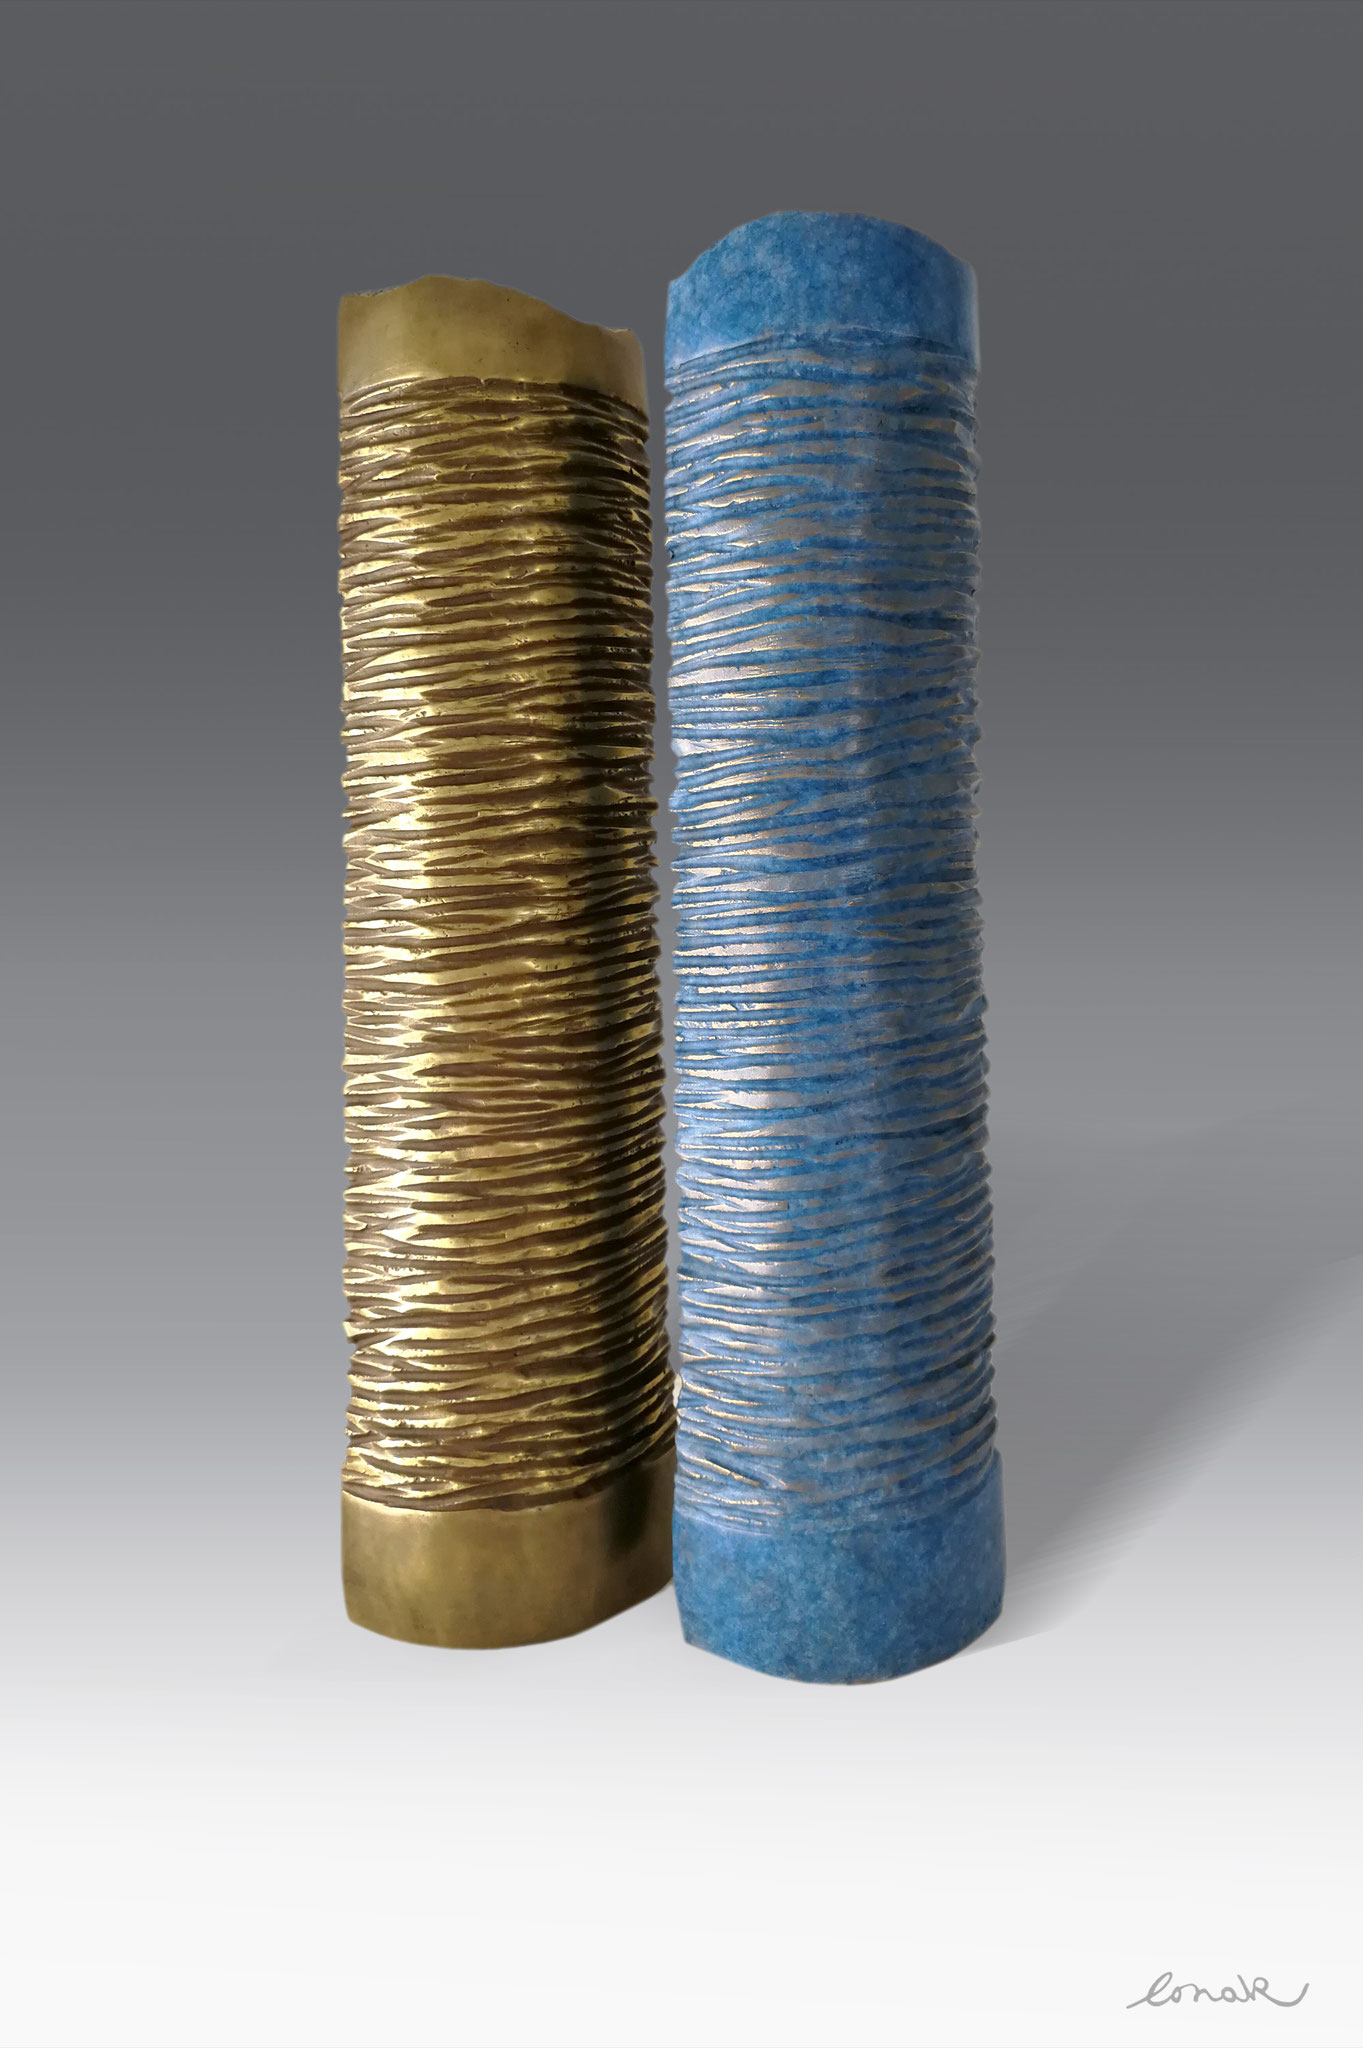 """Totem"" - bronze - 10x6x39cm (2 pieces)"
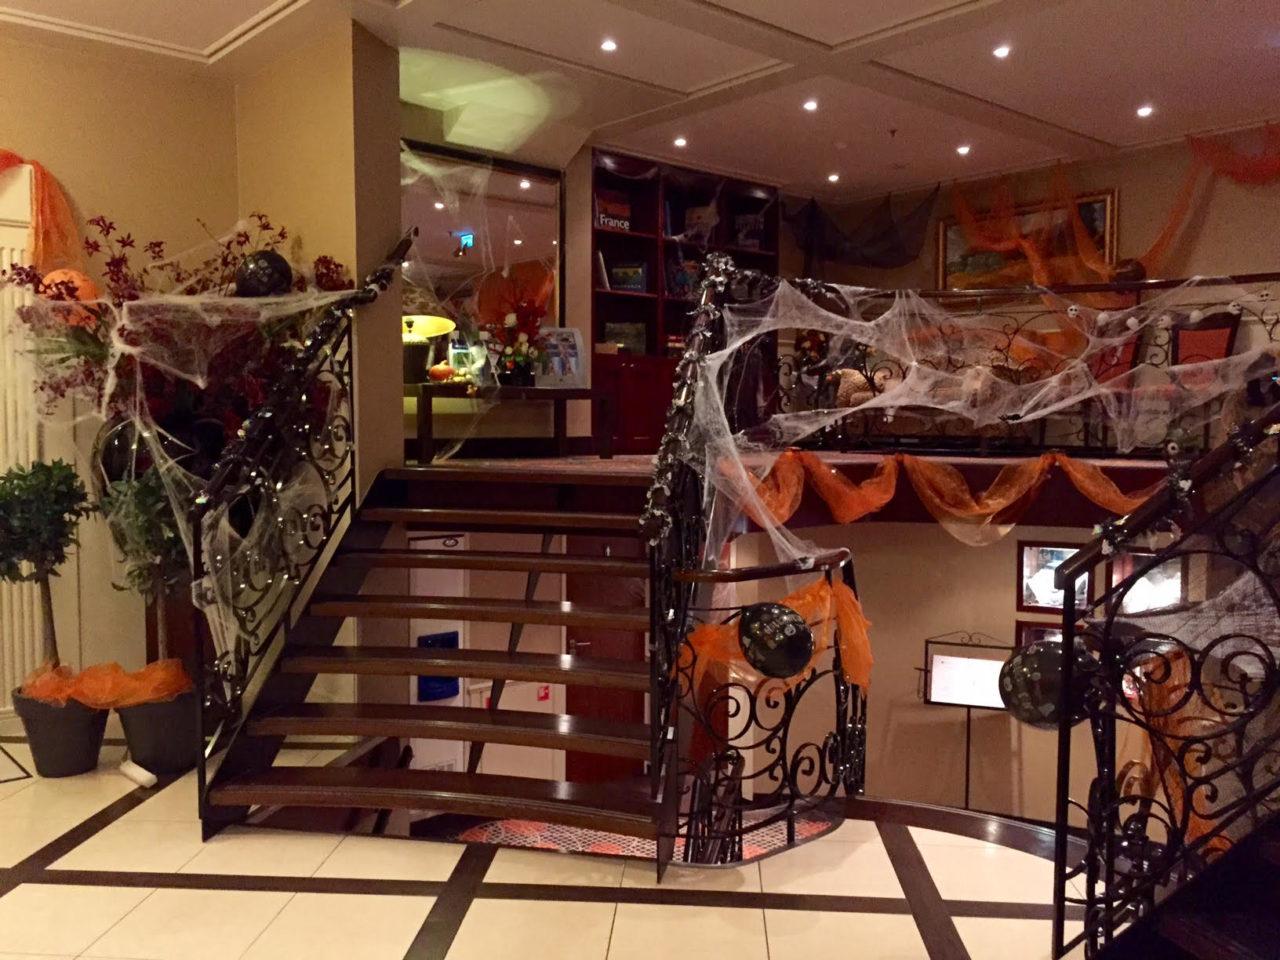 AMALegro river cruise ship dressed up for Halloween night (Paris and Normandie AMAWaterways Cruise)
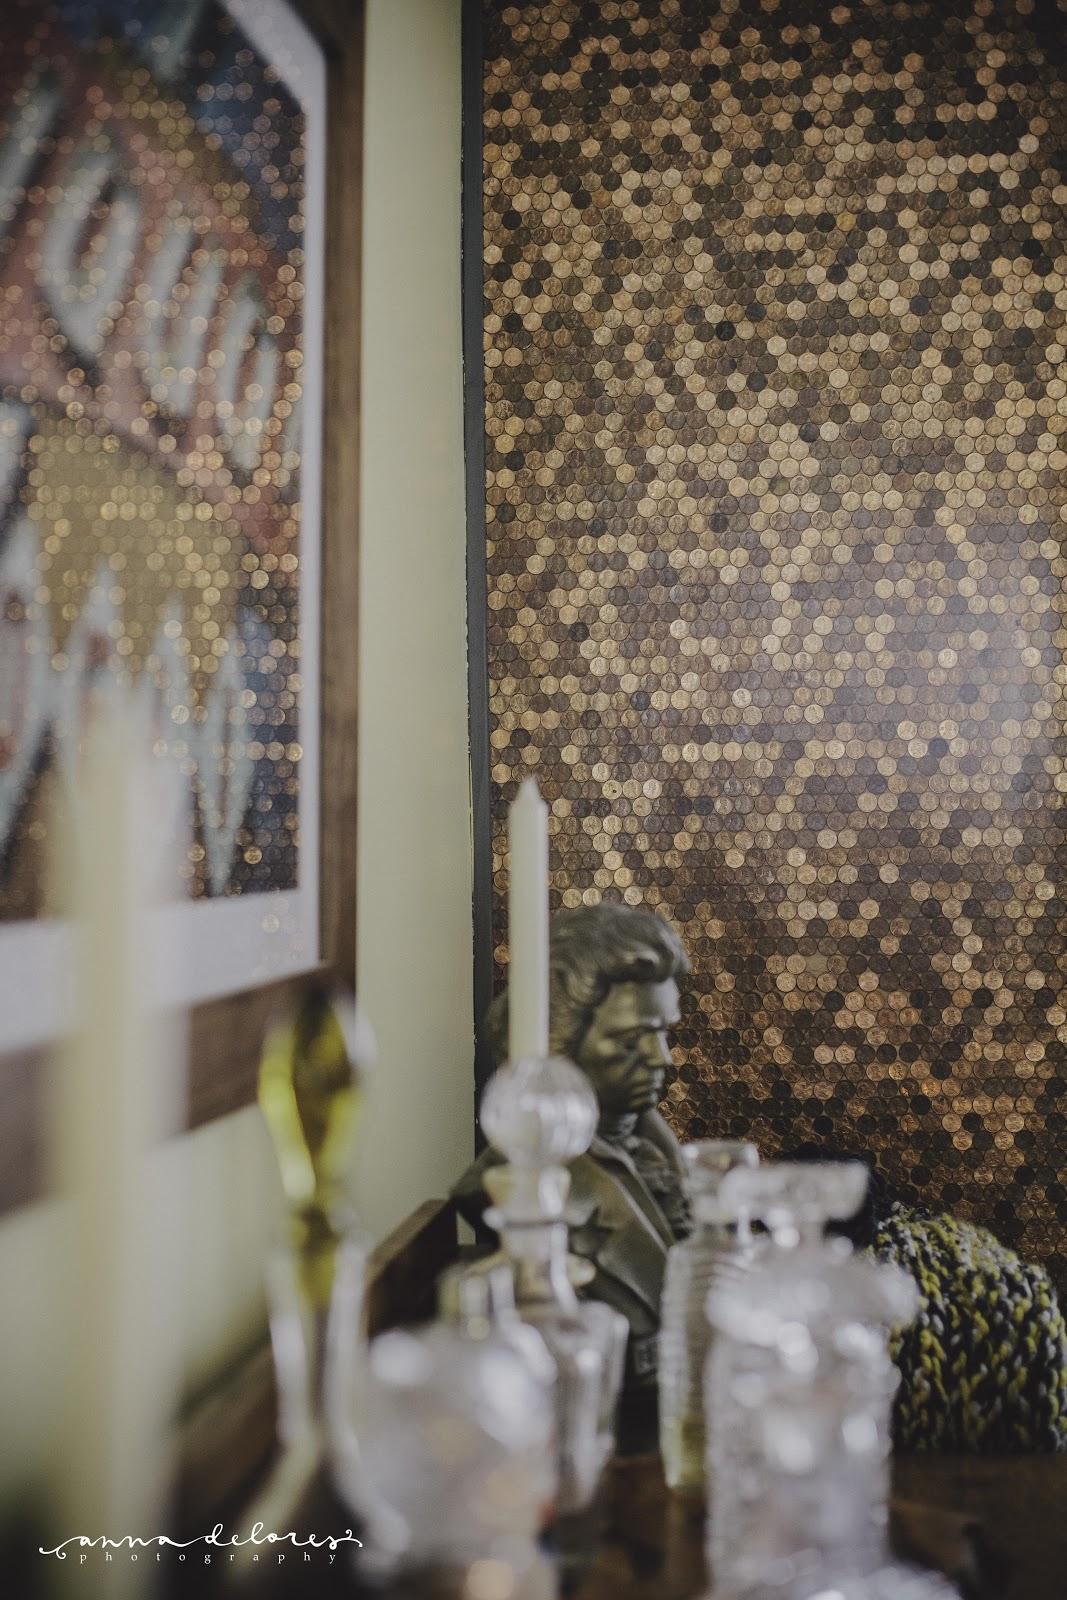 Home decor DIY for making an apartment a home - The Anna Delores Blog

------------------------------

Print the material precisely as given, dropping any images it holds.

 """Totem"" - bronze - 10x6x39cm (2 pieces)"
 AMALegro river cruise ship dressed up for Halloween night (Paris and Normandie AMAWaterways Cruise)
 Home decor DIY for making an apartment a home - The Anna Delores Blog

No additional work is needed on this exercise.